Once you’ve built the prototype, you hit the road again. Test it with the same or different customers – would they actually use this product? How much would they pay for it? You’ll learn a lot – just like creating a concrete design helped you clarify your own thinking on the product, users will give more actionable feedback when they can actually see the product in some form. All of which will improve the first version you launch significantly – without quitting your job yet.

5. Build out your initial financial model

I’m biased towards drowning in large excel models, and therefore I hesitated to put this down – is it really necessary so early on? But on second thoughts, it absolutely is. Not only does it help you acknowledge your assumptions, estimate the cash burn rate and plan your runway, it also gives you one more concrete element to test in the market – running this by customers can again help you verify that your business is attractive. And as long as your assumptions reconcile with user opinion, you can continue to the next stage – developing the product itself.

6. Start developing an MVP

Assuming the previous steps went well (i.e., people liked the product and you liked the experience), you then start building the Minimum Viable Product, or MVPthe most basic product that fulfils your core value proposition.

If you’re the technical lead, then this may be the time to quit your job – but only if you can’t manage this in addition to your regular job.

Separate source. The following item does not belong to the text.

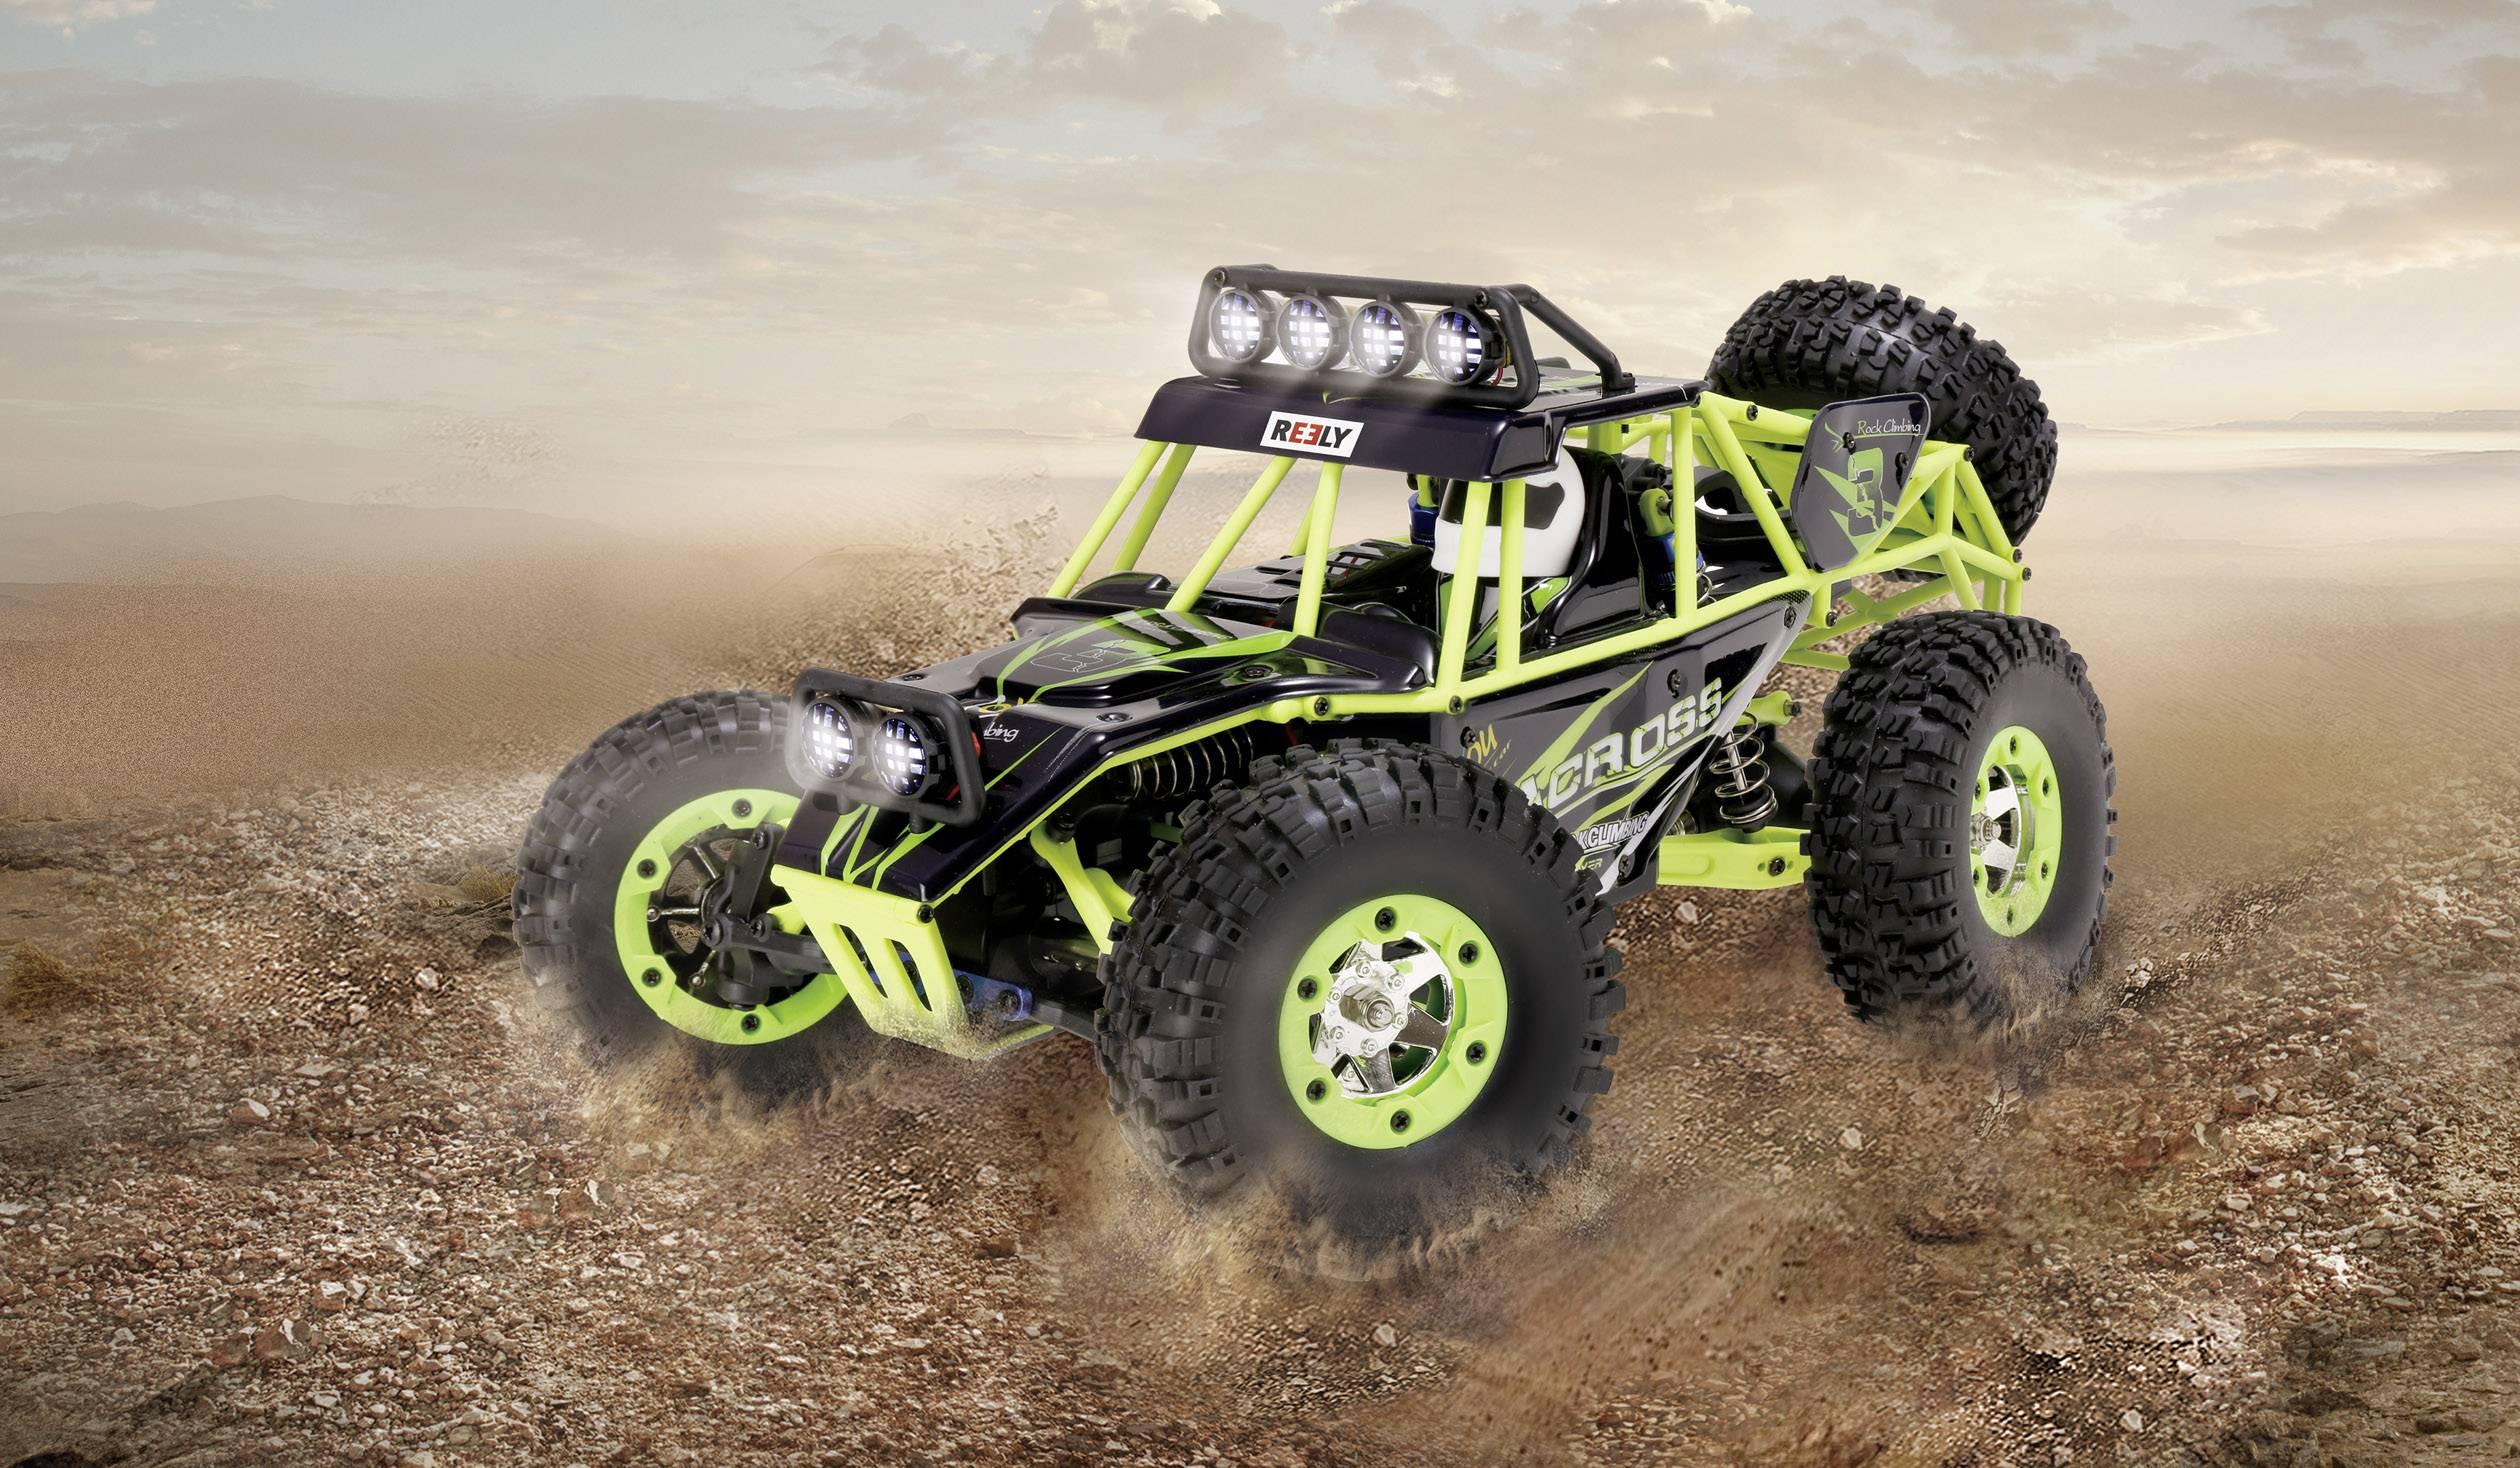 RC model auta buggy Reely Desert Climber, komutátorový, 1:10 XS, 4WD (4x4), RtR, 25 km/h

And if you’re not the technical lead, then there’s still not enough for you to do at the venture to justify quitting. Spending your weekends working with your team and meeting customers is more than enough. In my case, our tech lead worked closely with a couple of freelancers to build an MVP – while it wasn’t ready yet by the time I quit, we were more than halfway there. (There may be divergent opinions regarding using freelancers / outsourcing initial tech, but let’s leave that for another day).

An advantage of hacking together an MVP quickly is that you can validate and refine your product much faster, which brings us to the next point…

7. Test the MVP with initial pilot / alpha customers

Testing

The next step is to share this MVP with some of the customers you spoke to in the previous steps, and see how they use the app. You’ll find that if you did the previous steps correctly and the customers are indeed captured by the product vision, they’ll forgive a lot of UI issues, buttons that don’t work, etc. – as long as the core value proposition is delivered satisfactorily.

[Tweet “As long as your MVP delivers your core value proposition, early users will forgive everything else”]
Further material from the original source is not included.